这是NMI,显然是由看门狗超时引起的。在那台机器硬复位后不到一分钟。

问题在哪里,我该往哪个方向挖?

编辑:与ipmi相关的内核消息:

代码语言:javascript
运行
复制
[    0.353090] ipmi message handler version 39.2
[    0.353353] ipmi device interface
[    0.353623] IPMI System Interface driver.
[    0.353898] ipmi_si: probing via ACPI
[    0.354172] ipmi_si 00:08: [io  0x0ca2] regsize 1 spacing 1 irq 0
[    0.354444] ipmi_si: Adding ACPI-specified kcs state machine
[    0.354790] ipmi_si: probing via SMBIOS
[    0.355051] ipmi_si: SMBIOS: io 0xca2 regsize 1 spacing 1 irq 0
[    0.355317] ipmi_si: Adding SMBIOS-specified kcs state machine duplicate interface
[    0.355836] ipmi_si: probing via SPMI
[    0.356095] ipmi_si: SPMI: io 0xca2 regsize 1 spacing 1 irq 0
[    0.356362] ipmi_si: Adding SPMI-specified kcs state machine duplicate interface
[    0.356906] ipmi_si: Trying ACPI-specified kcs state machine at i/o address 0xca2, slave address 0x0, irq 0
[    0.390536] ipmi_si: The BMC does not support clearing the recv irq bit, compensating, but the BMC needs to be fixed.
[    0.418476] ipmi_si 00:08: Found new BMC (man_id: 0x002a7c, prod_id: 0x0801, dev_id: 0x20)
[    0.419004] ipmi_si 00:08: IPMI kcs interface initialized
[    0.419272] IPMI SSIF Interface driver
[    0.420350] IPMI Watchdog: driver initialized
[    0.420635] Copyright (C) 2004 MontaVista Software - IPMI Powerdown via sys_reboot.
[    0.421444] IPMI poweroff: ATCA Detect mfg 0x2A7C prod 0x801
[    0.421710] IPMI poweroff: Found a chassis style poweroff function

编辑:我尝试使用bmc-看门狗配置"-u 4 -p 2 -a 0 -F -P -L -O -i 300 -e 10“。因此,只使用SMS/OS时间,超时中断设置为NMI,超时操作设置为NMI:

代码语言:javascript
运行
复制
# bmc-watchdog --get
Timer Use:                   SMS/OS
Timer:                       Running
Logging:                     Enabled
Timeout Action:              None
Pre-Timeout Interrupt:       NMI / Diagnostic Interrupt
Pre-Timeout Interval:        0 seconds
Timer Use BIOS FRB2 Flag:    Clear
Timer Use BIOS POST Flag:    Clear
Timer Use BIOS OS Load Flag: Clear
Timer Use BIOS SMS/OS Flag:  Set
Timer Use BIOS OEM Flag:     Clear
Initial Countdown:           300 seconds
Current Countdown:           290 seconds

但这并没有带来任何改变。

编辑。同样,当我用回显\0x00回显/dev/看门狗的方式触发看门狗计时器时,然后保持它不动--在默认的10秒超时之后,系统被正确地重新引导。因此,看门狗可以正常工作,但从启动系统重新启动到350秒。

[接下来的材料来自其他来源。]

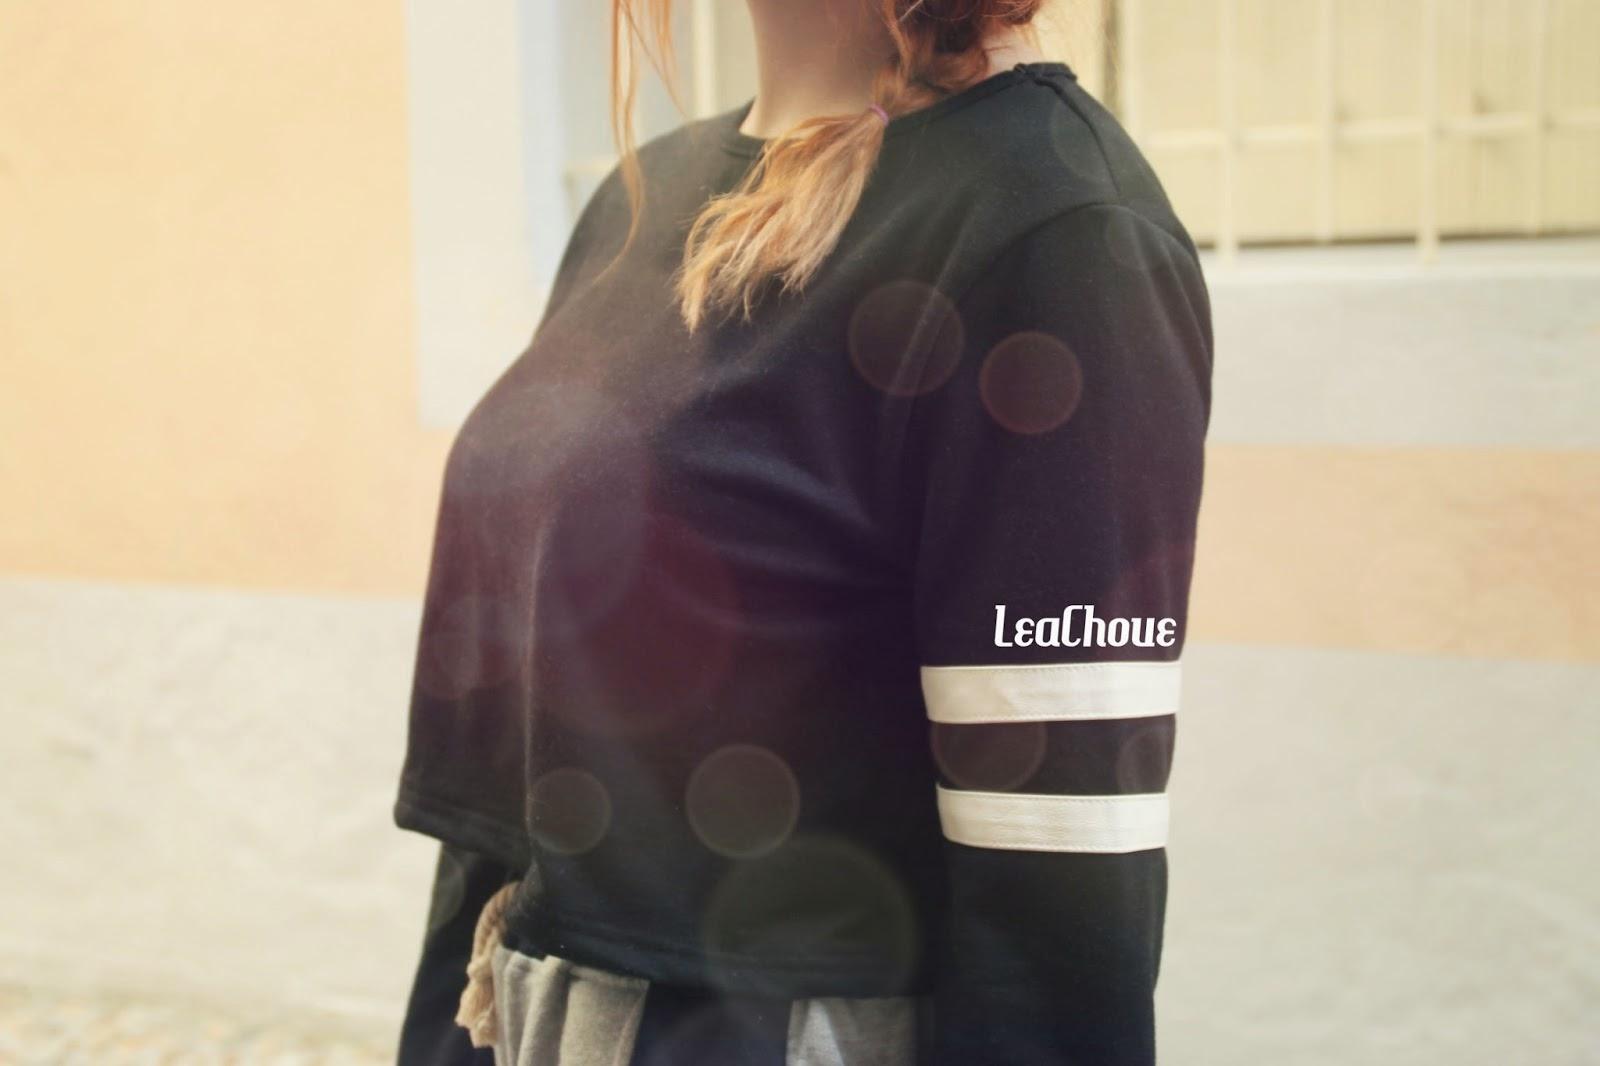 http://www.leachoue.com/2014/10/look-sportswear-leachoue.html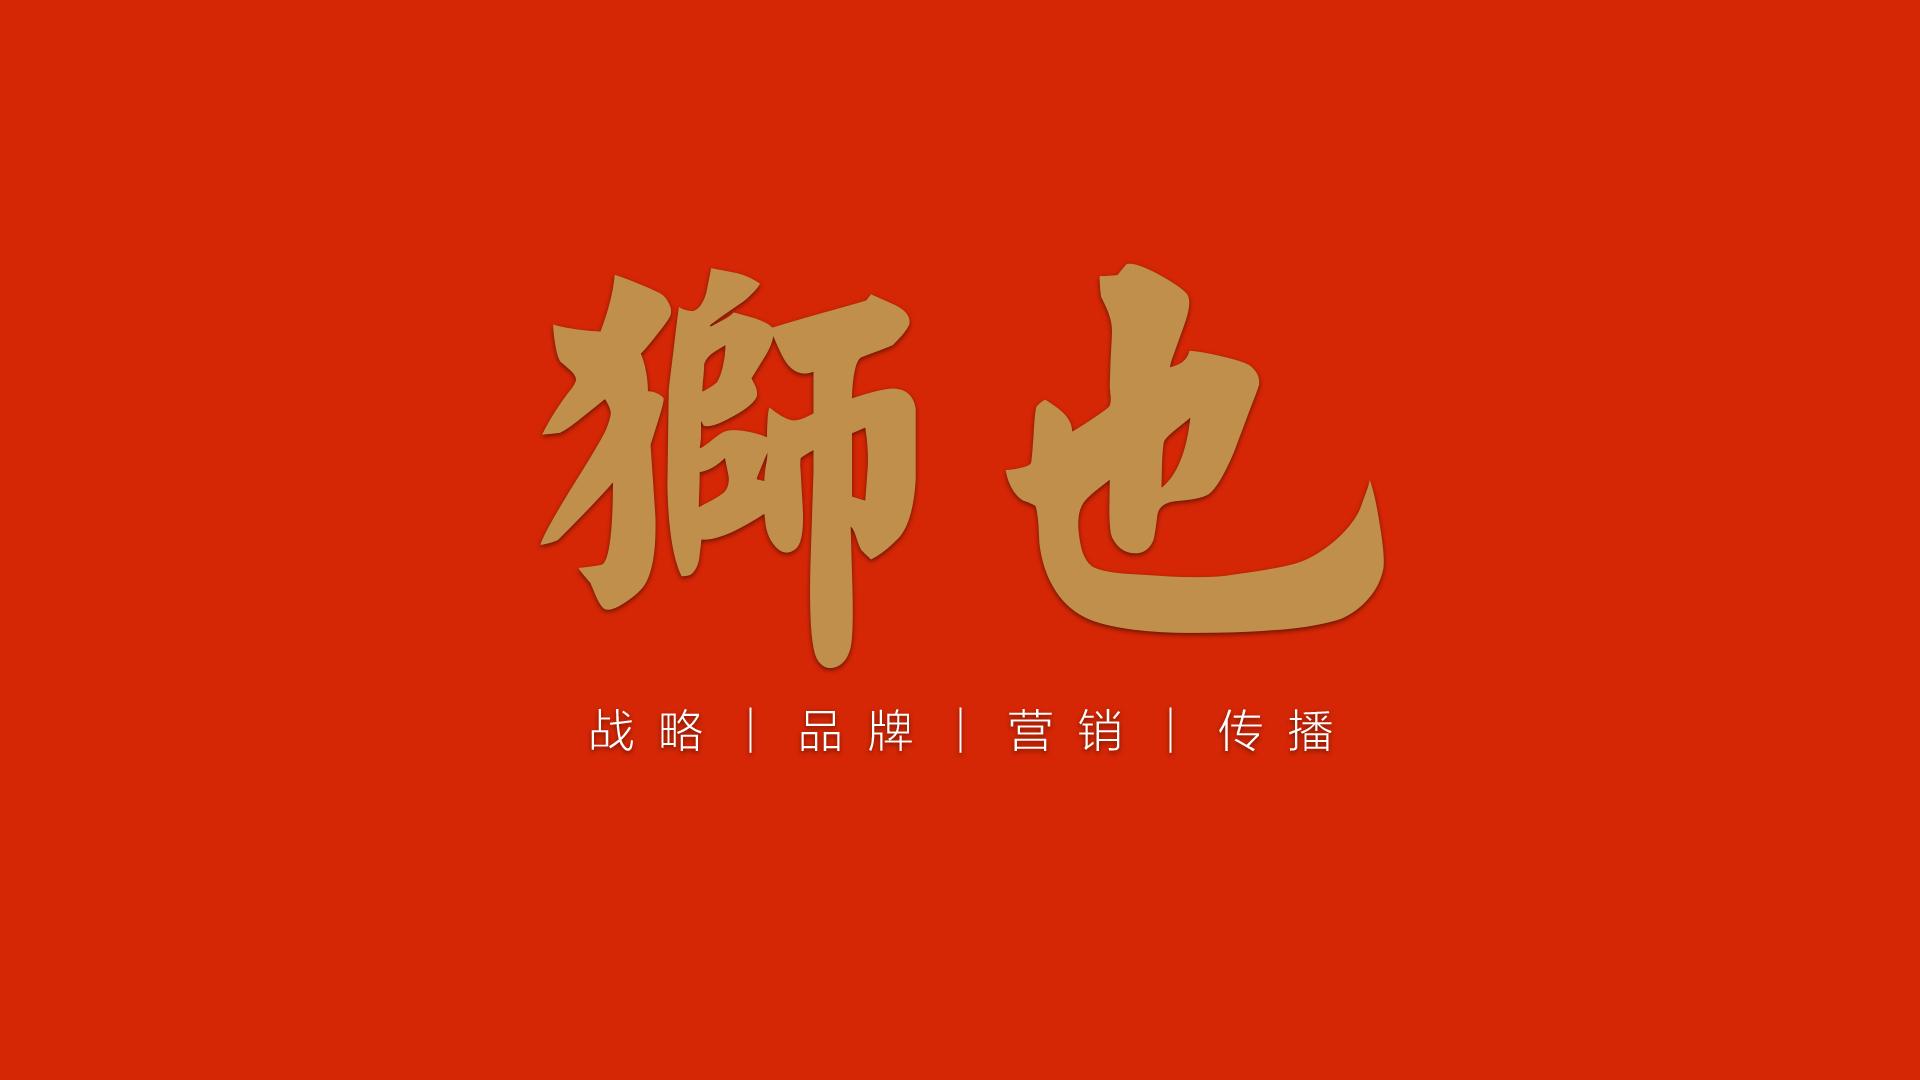 香港银行信用卡业务的营销策略—山东济南狮也战略品牌营销策划咨询顾问公司

编辑。我检查了BMC系统事件日志(SEL),并在重新启动后发现:

代码语言:javascript
运行
复制
Sensor #202 | Watchdog 2 | Assertion Event | Timer interrupt ; Timer use at expiration = SMS/OS ; Interrupt type = none
Sensor #202 | Watchdog 2 | Assertion Event | Timer expired, status only ; Timer use at expiration = SMS/OS ; Interrupt type = none

有趣的是--这个事件被标记为“仅为状态”。即使如此,系统也会重新启动。当我故意触发看门狗超时时,日志是不同的:

代码语言:javascript
运行
复制
Sensor #202 | Watchdog 2 | Assertion Event | Timer interrupt ; Timer use at expiration = SMS/OS ; Interrupt type = none
Sensor #202 | Watchdog 2 | Assertion Event | Hard Reset ; Timer use at expiration = SMS/OS ; Interrupt type = none
EN

回答 1

Server Fault用户

回答已采纳

发布于 2015-05-31 19:13:30

最后,我找到了一个有点奇怪的解决方案:只需打开看门狗跳线(JWD1) (既不选择NMI,也不选择硬重置)。在BIOS设置中启用了监视狗。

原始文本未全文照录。